Information systems have been widely adopted to support service processes in various domains, e.g., in the telecommunication, finance, and health sectors. Information recorded by systems during the operation of these processes provides an angle for operational process analysis, commonly referred to as process mining. In this work, we establish a queueing perspective in process mining to address the online delay prediction problem, which refers to the time that the execution of an activity for a running instance of a service process is delayed due to queueing effects. We present predictors that treat queues as first-class citizens and either enhance existing regression-based techniques for process mining or are directly grounded in queueing theory. In particular, our predictors target multi-class service processes, in which requests are classified by a type that influences their processing. Further, we introduce queue mining techniques that derive the predictors from event logs recorded by an information system during process execution. Our evaluation based on large real-world datasets, from the telecommunications and financial sectors, shows that our techniques yield accurate online predictions of case delay and drastically improve over predictors neglecting the queueing perspective.

The ROAD from Sensor Data to Process Instances via Interaction Mining

Process mining is a rapidly developing field that aims at automated modeling of business processes based on data coming from event logs. In recent years, advances in tracking technologies, e.g., Real-Time Locating Systems (RTLS), put forward the ability to log business process events as location sensor data. To apply process mining techniques to such sensor data, one needs to overcome an abstraction gap, because location data recordings do not relate to the process directly. In this work, we solve the problem of mapping sensor data to event logs based on process knowledge. Specifically, we propose interactions as an intermediate knowledge layer between the sensor data and the event log. We solve the mapping problem via optimal matching between interactions and process instances. An empirical evaluation of our approach shows its feasibility and provides insights into the relation between ambiguities and deviations from process knowledge, and accuracy of the resulting event log.

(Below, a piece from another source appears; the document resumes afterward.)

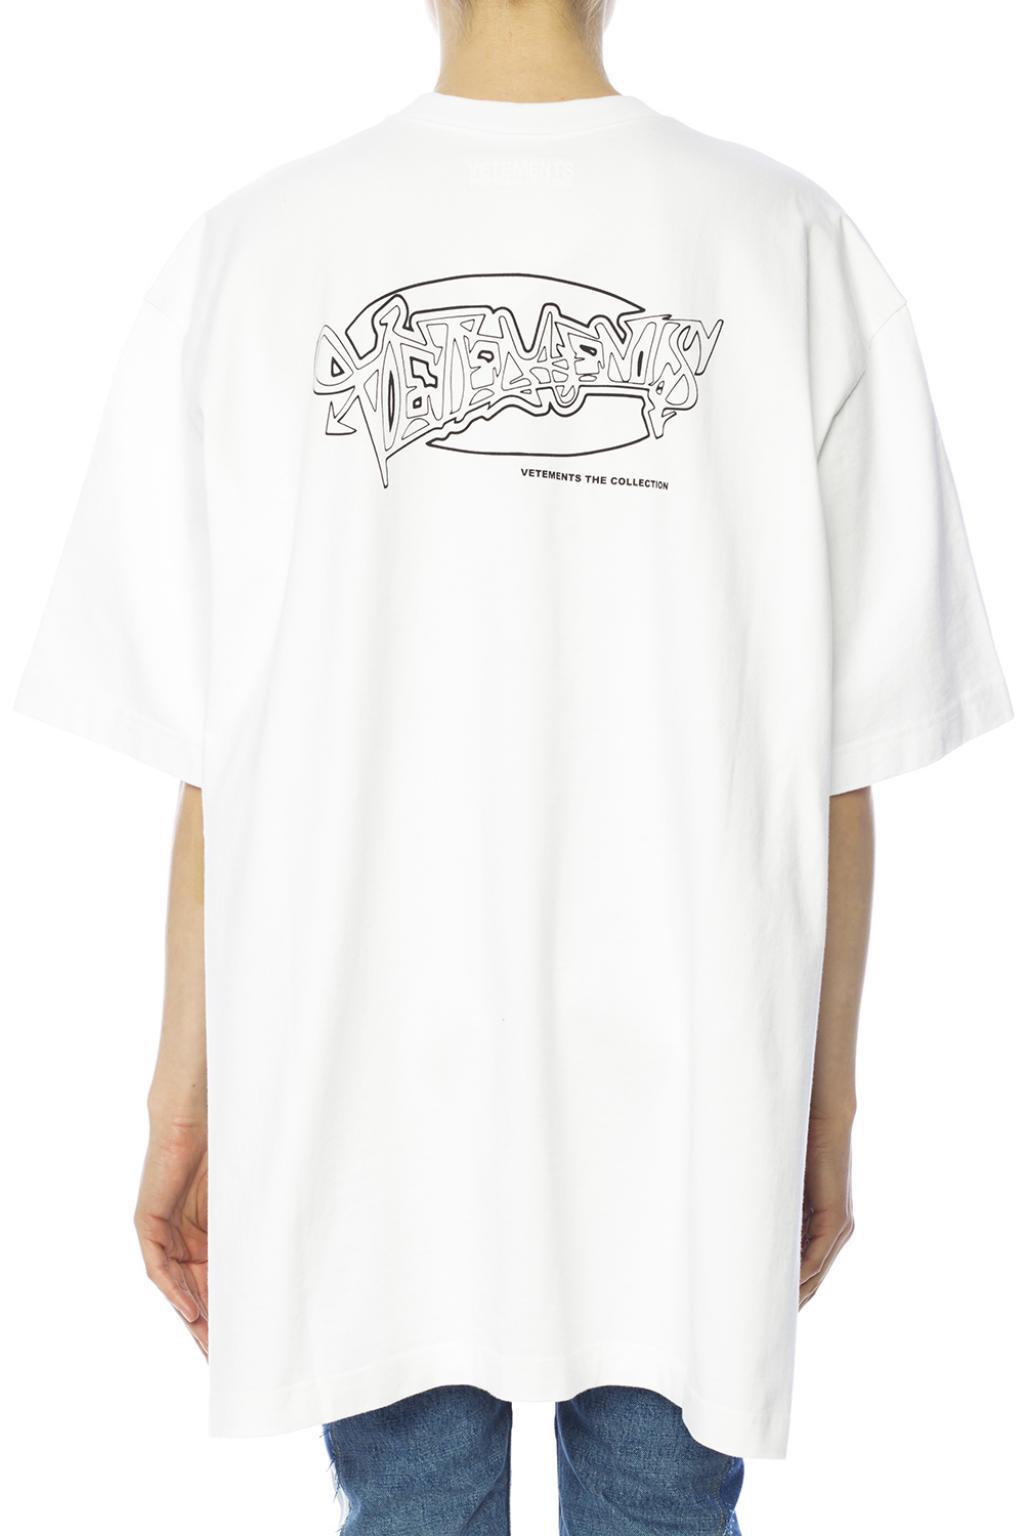 Vetements Printed Cotton-jersey T-shirt White - Lyst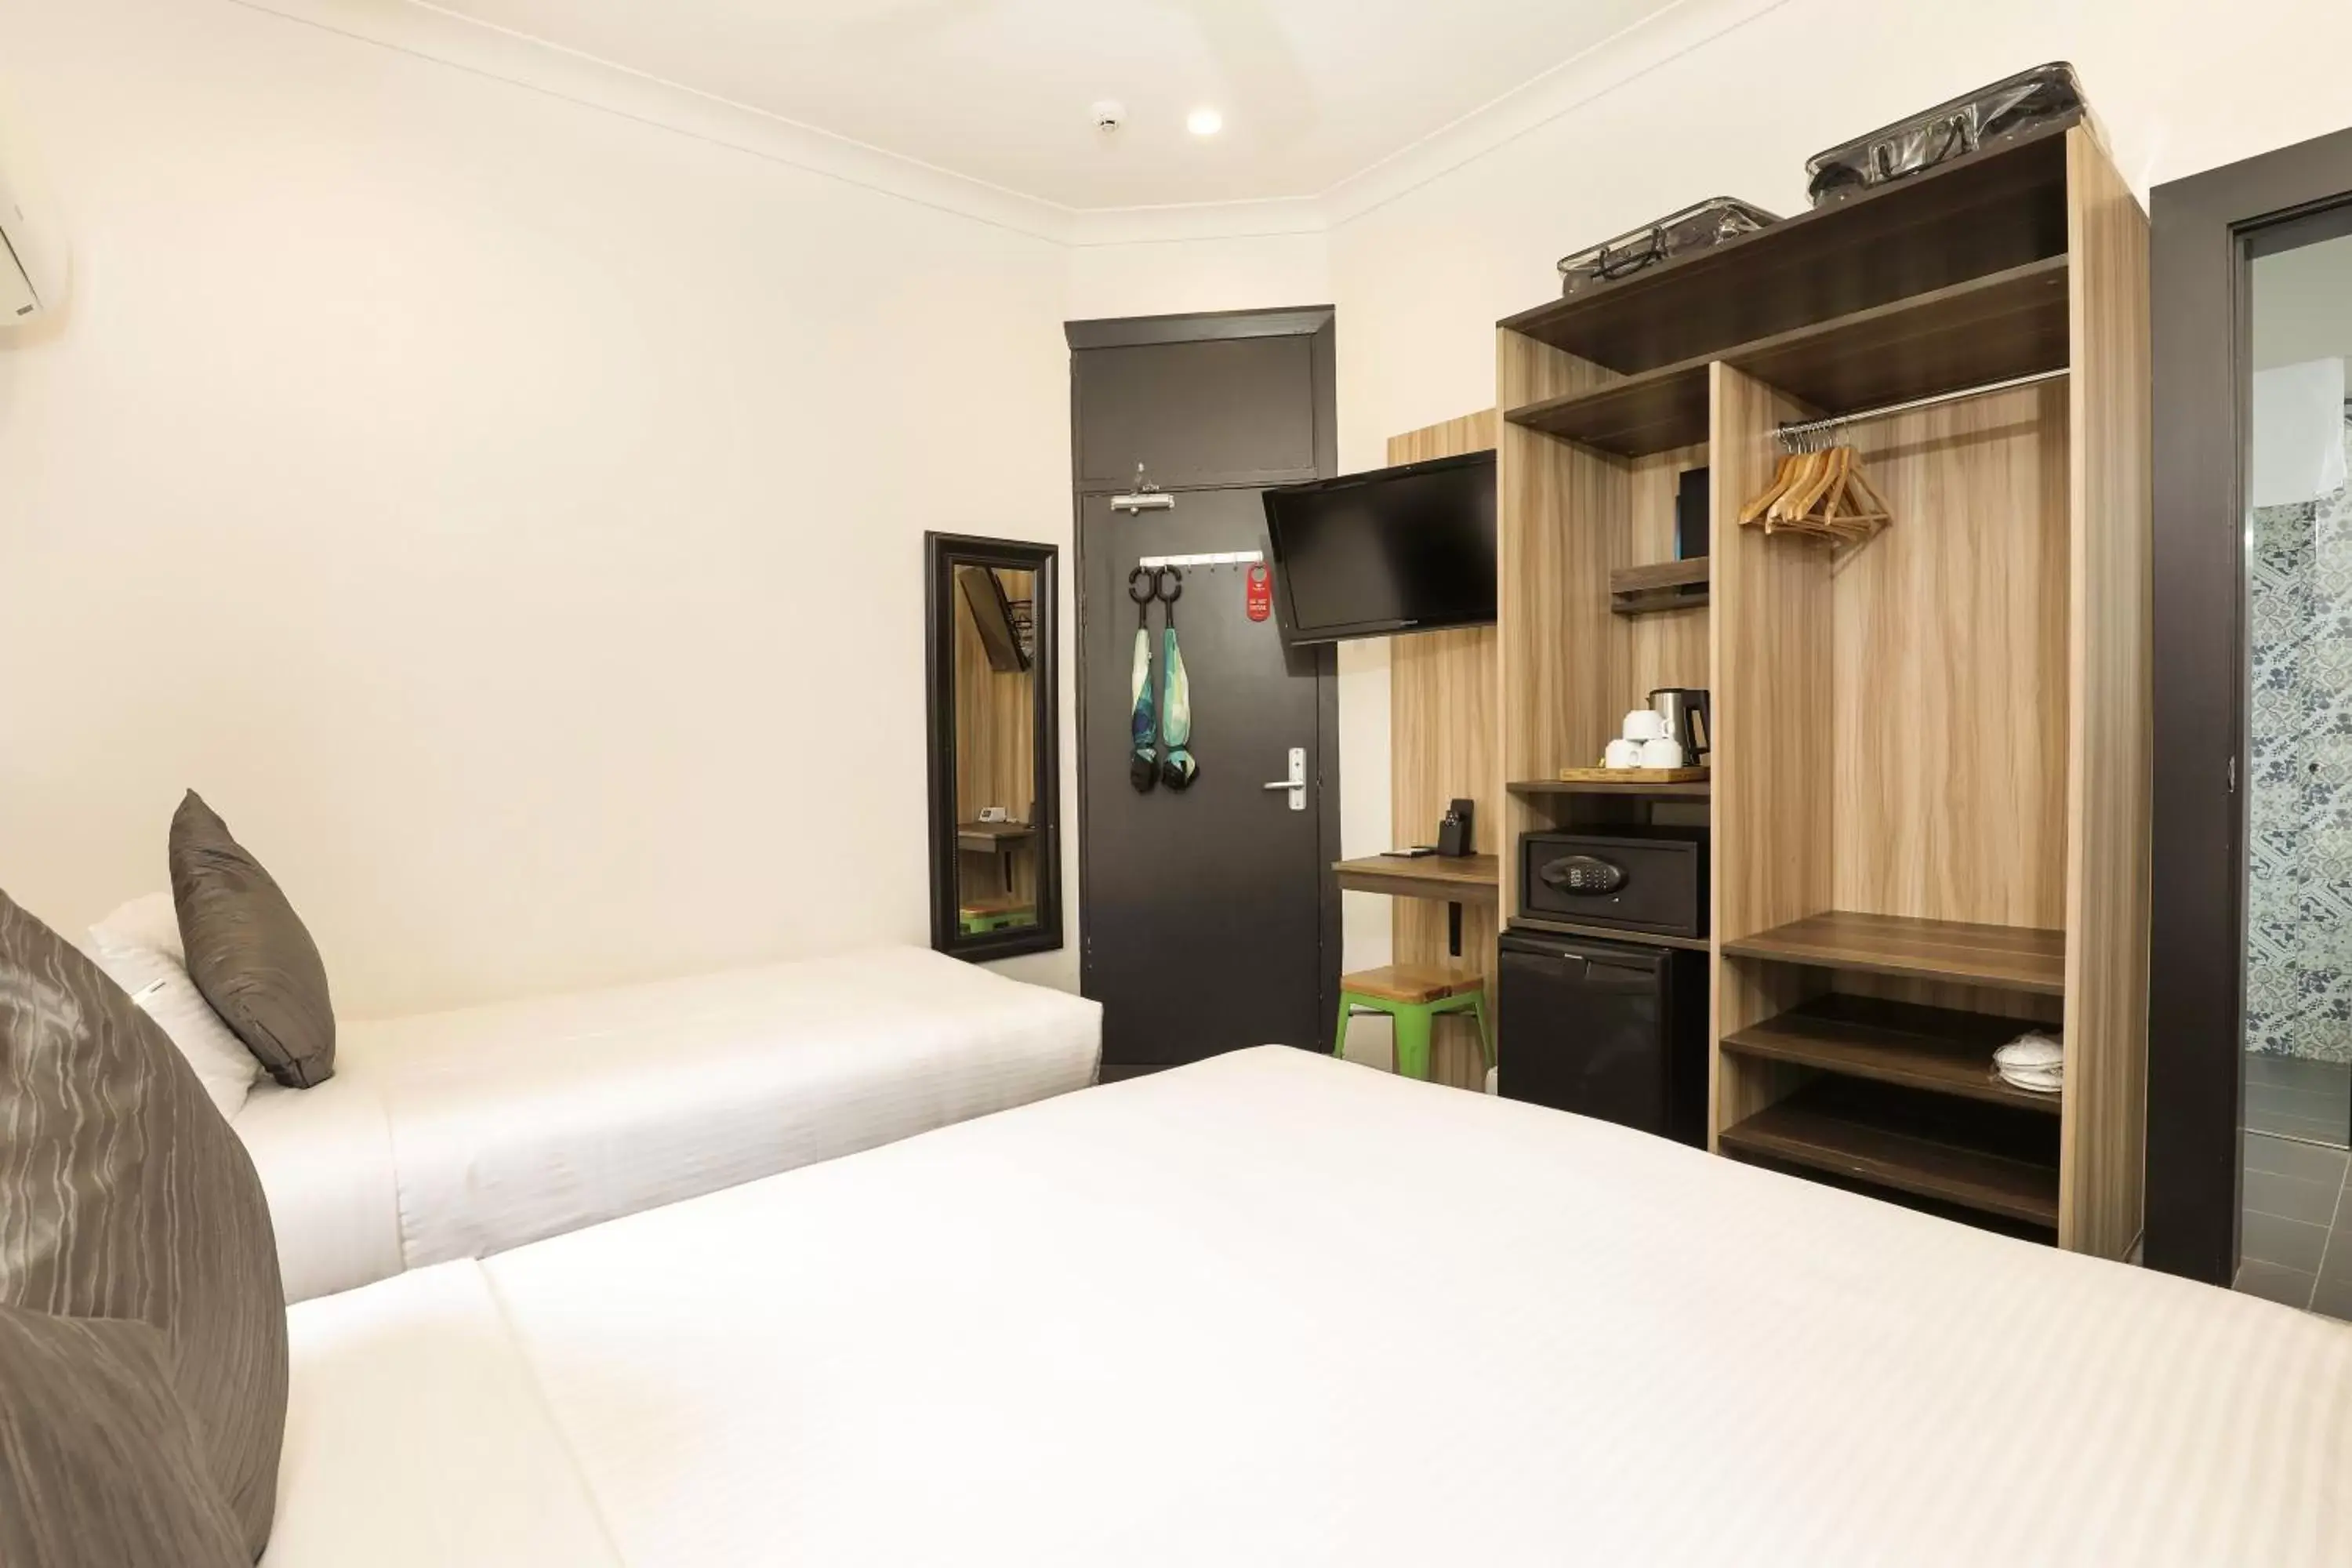 Triple Room with Private Bathroom in Glenferrie Lodge

Mining Resource Scheduling Protocols

In service processes, as found in the telecommunications, financial, or healthcare sector, customers compete for the scarce capacity of service providers. For such processes, performance analysis is important and it often targets the time that customers are delayed prior to service. However, this wait time cannot be fully explained by the load imposed on service providers. Indeed, it also depends on resource scheduling protocols, which determine the order of activities that a service provider decides to follow when serving customers. This work focuses on automatically learning resource decisions from events. We hypothesize that queueing information serves as an essential element in mining such protocols and hence, we utilize the queueing perspective of customers in the mining process. We propose two types of mining techniques: advanced classification methods from data mining that include queueing information in their explanatory features and heuristics that originate in queueing theory. Empirical evaluation shows that incorporating the queueing perspective into mining of scheduling protocols improves predictive power.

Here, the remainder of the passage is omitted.